**Task to carry out**:
Repeat the data as given. Images do not go in the copy.

**Data block**:
--------

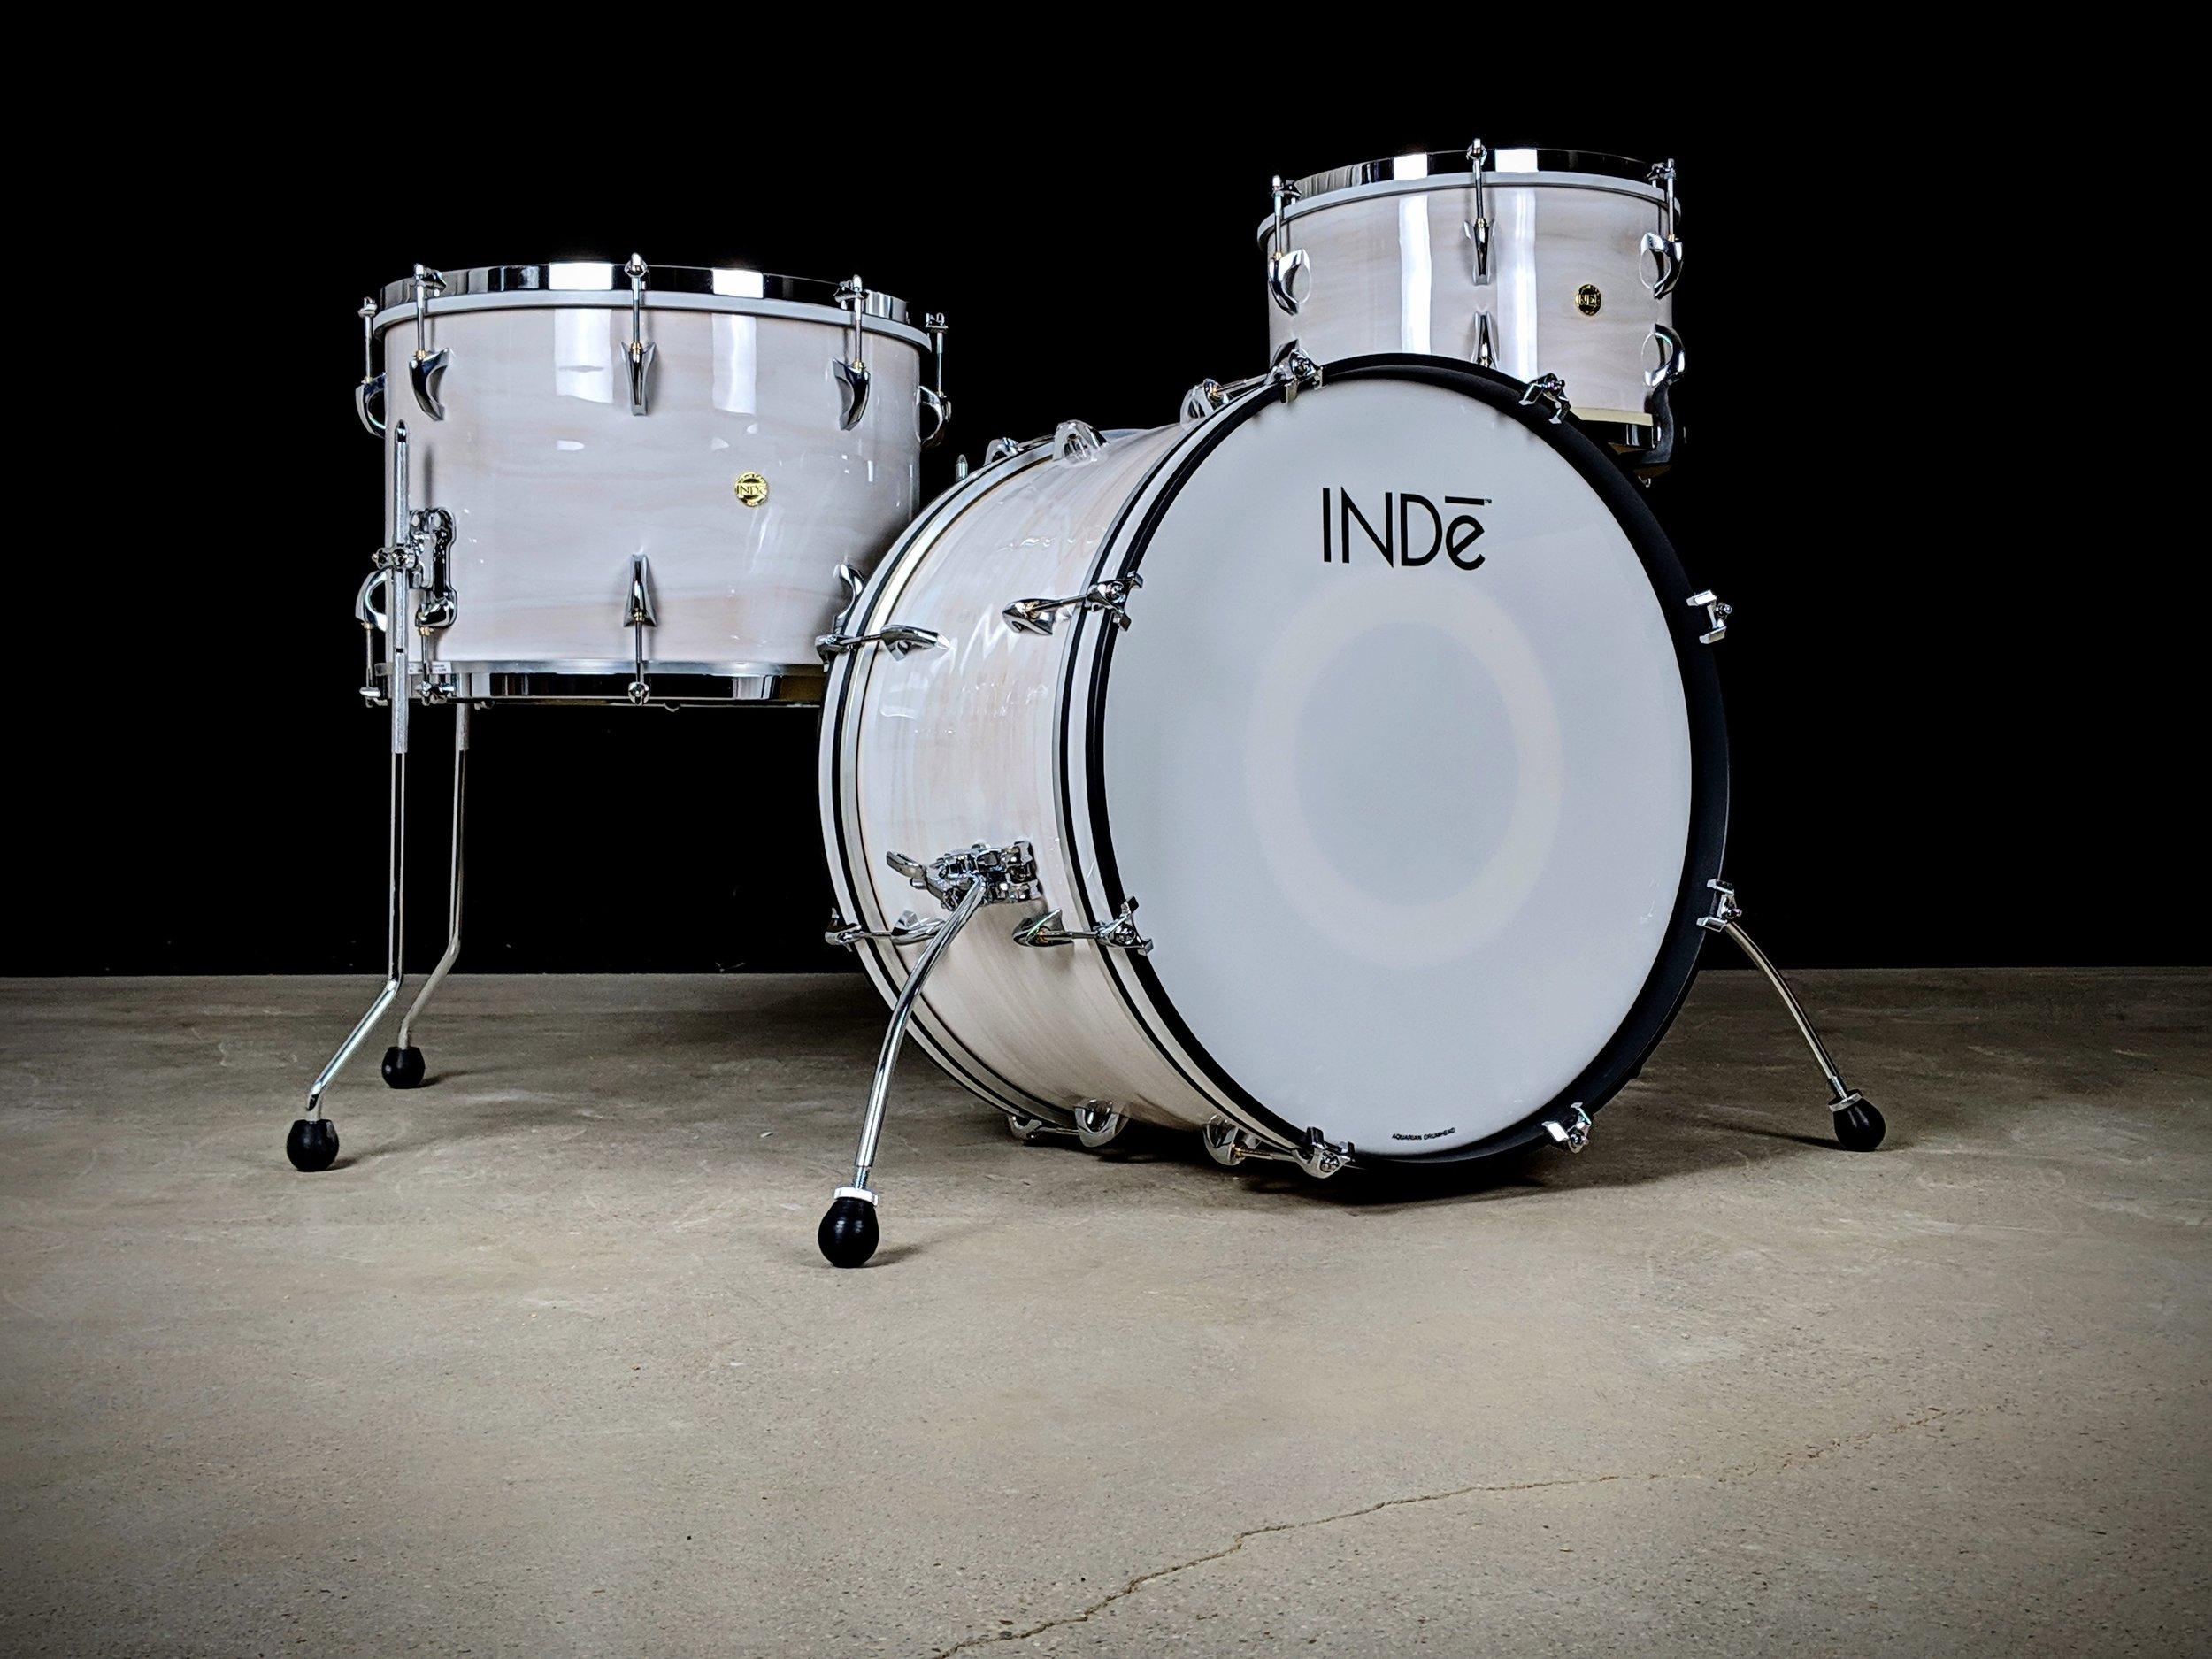 RESoArmor Swatches — INDe Drum Lab
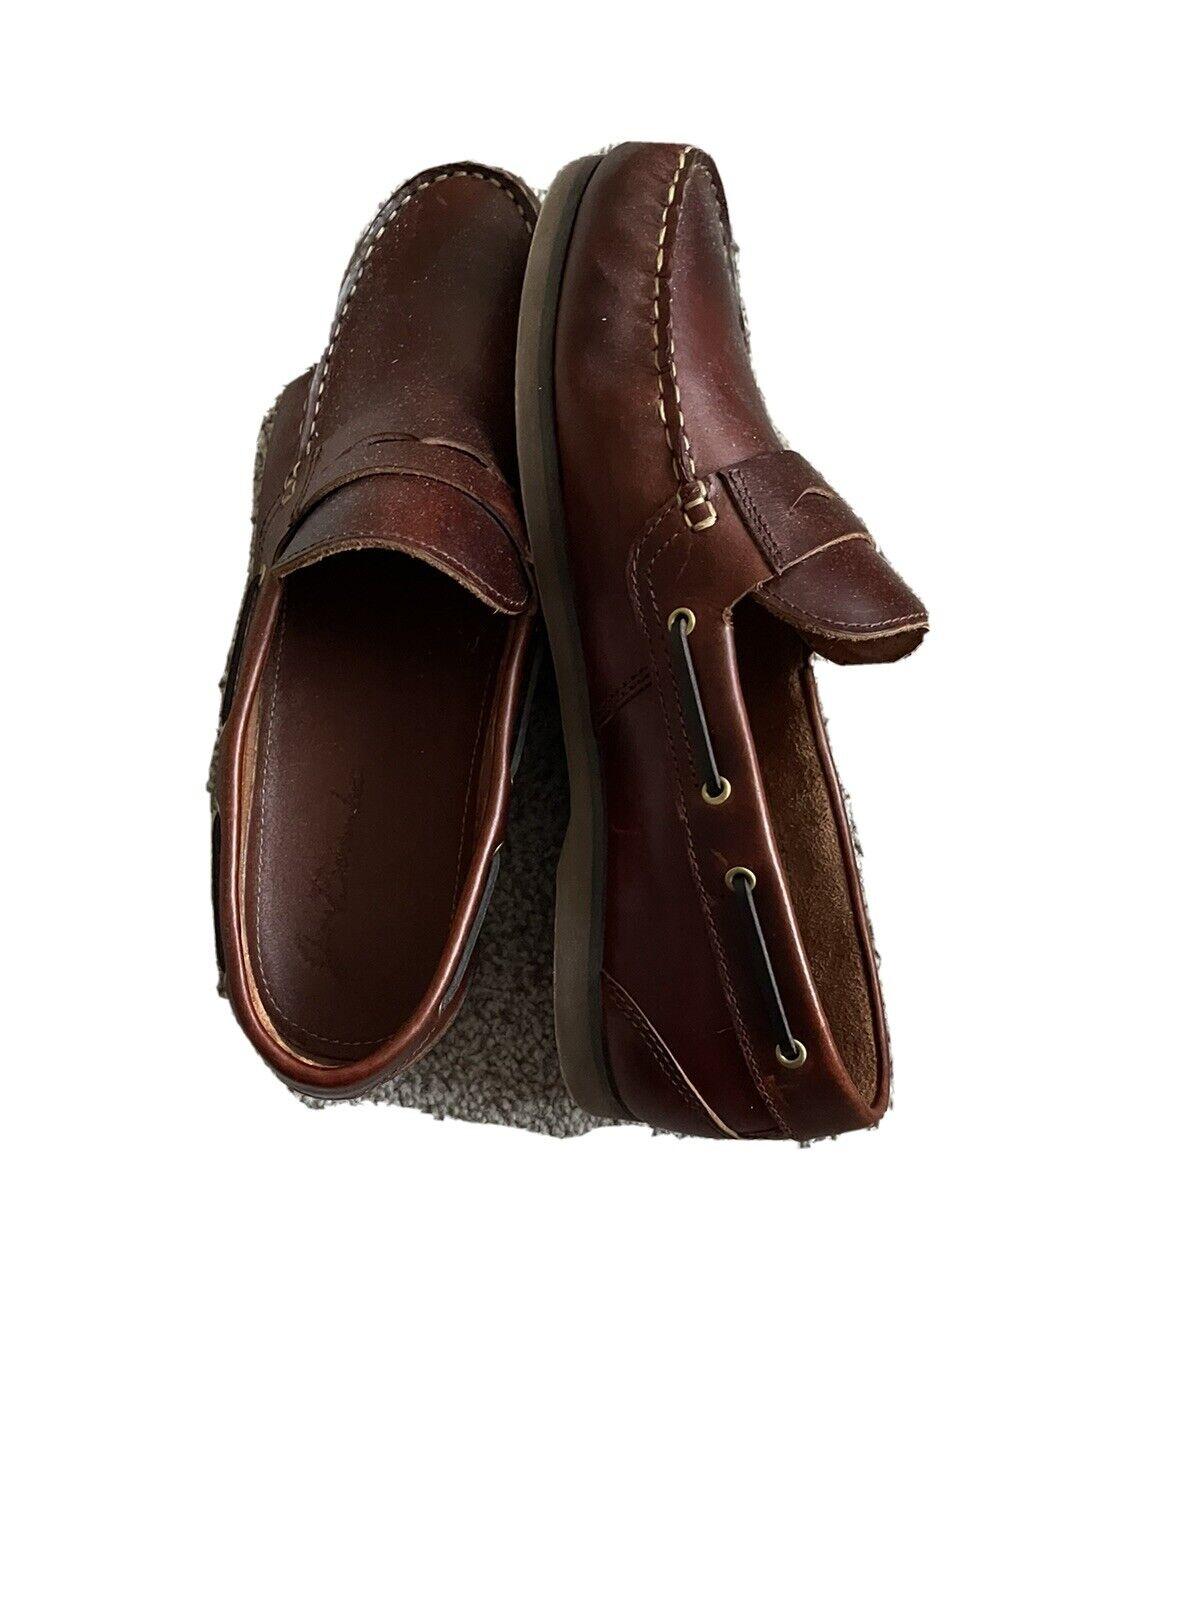 JIM BOOMBA Slip on Boat Shoes - Premium Leather Slip-on Deck Shoes - Mahogany
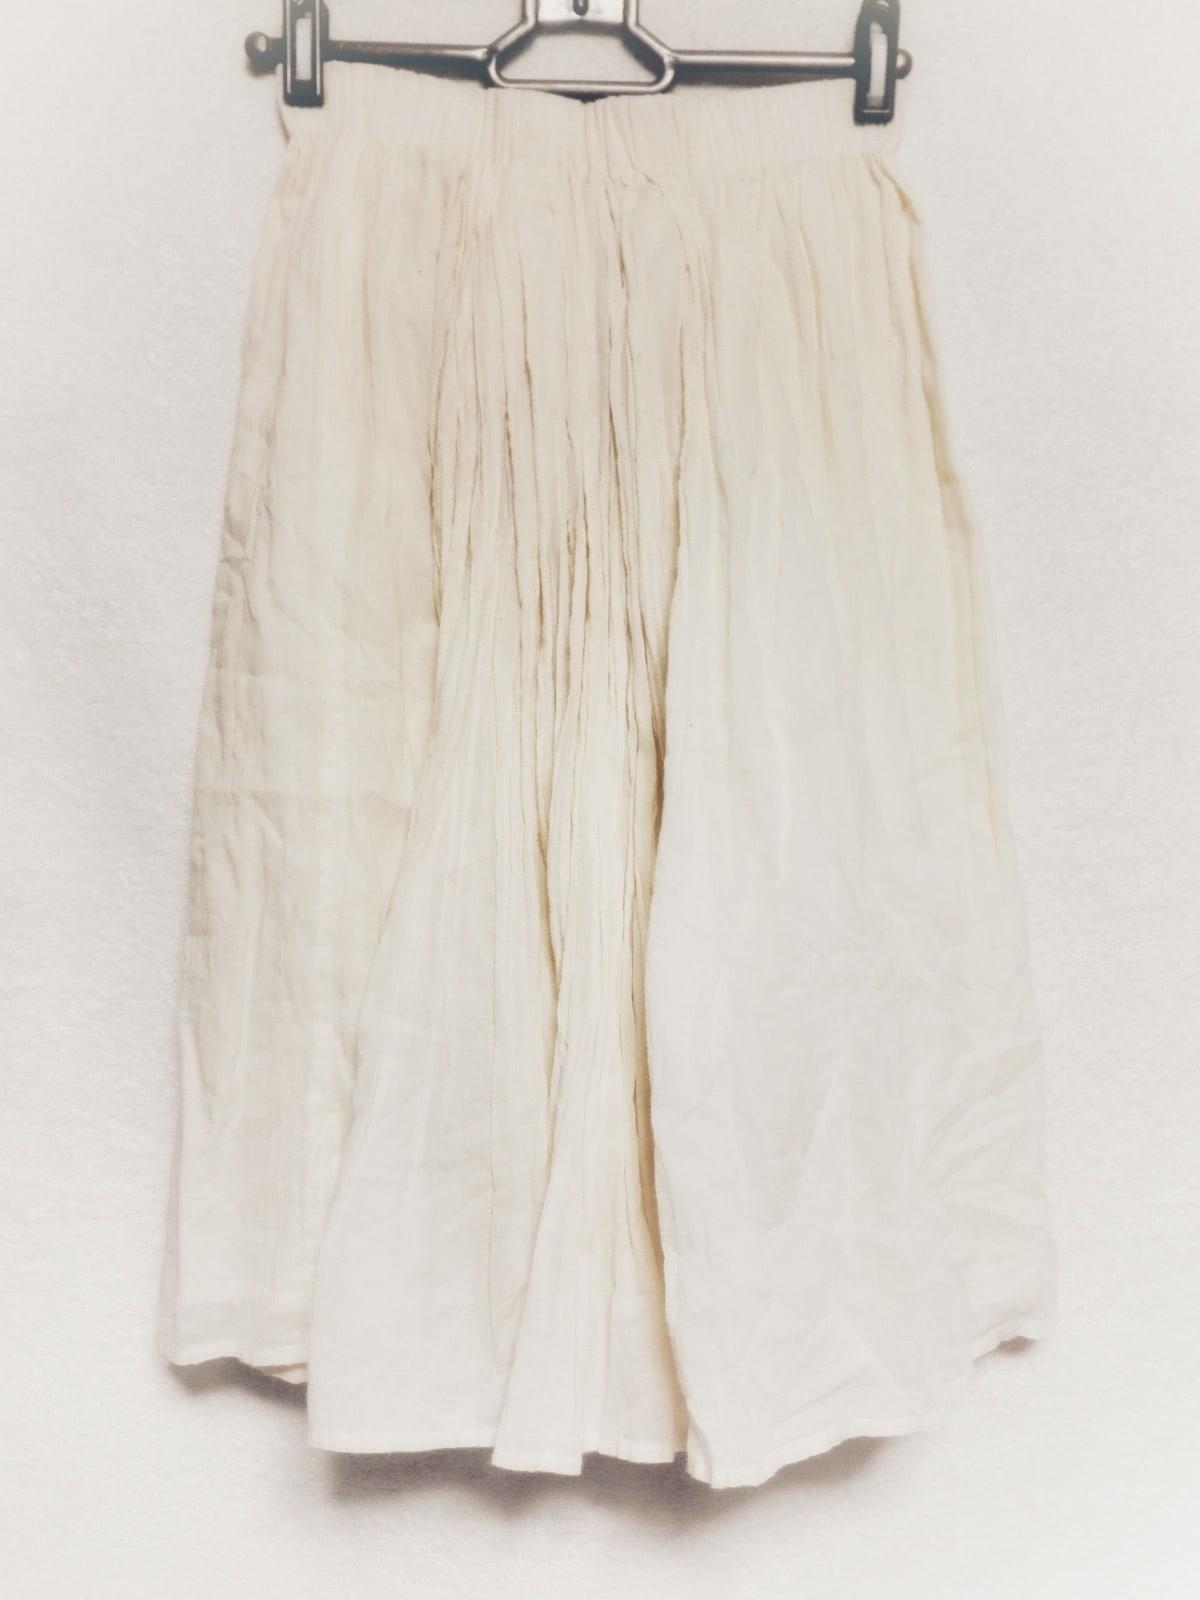 elsa esturgie(エルザエストロジー)のスカート
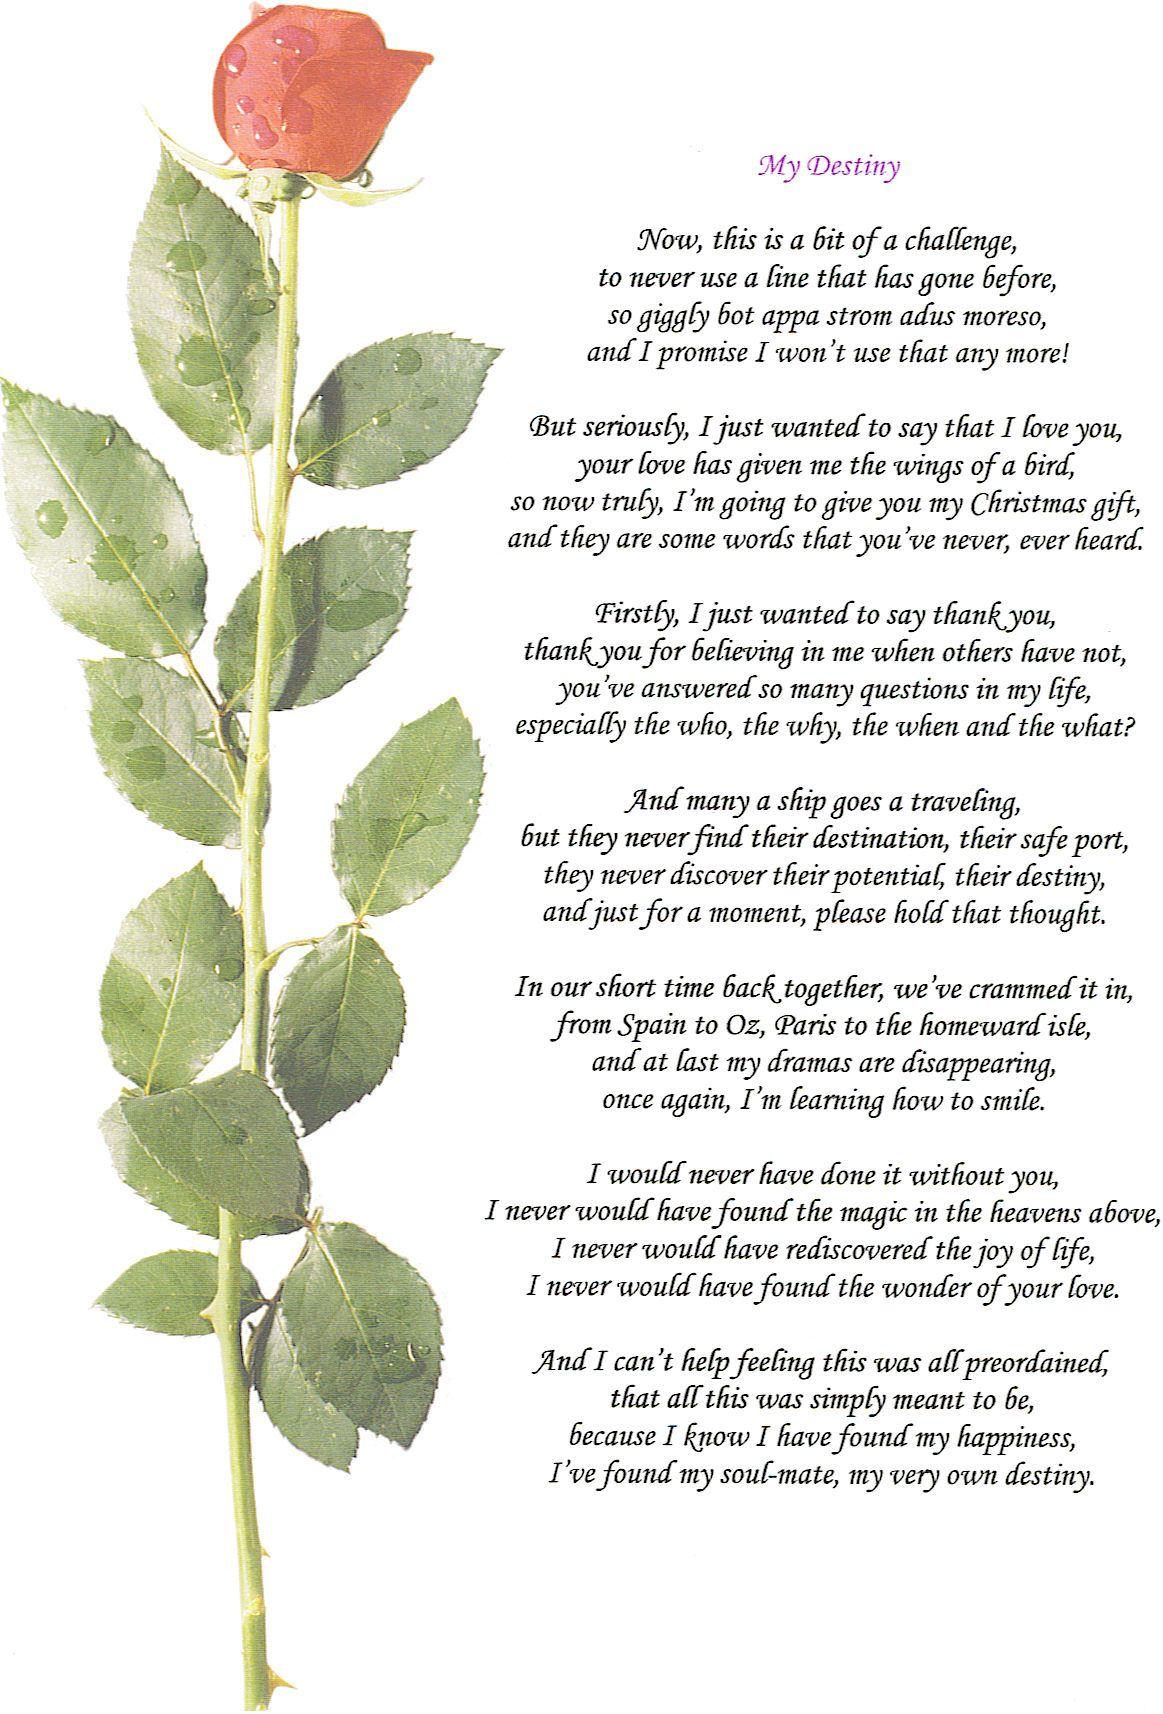 2nd Wedding Anniversary Poems | deweddingjpg.com

--------

**Problem solution**:
 RESoArmor Swatches — INDe Drum Lab
 JIM BOOMBA Slip on Boat Shoes - Premium Leather Slip-on Deck Shoes - Mahogany
 elsa esturgie(エルザエストロジー)のスカート
 2nd Wedding Anniversary Poems | deweddingjpg.com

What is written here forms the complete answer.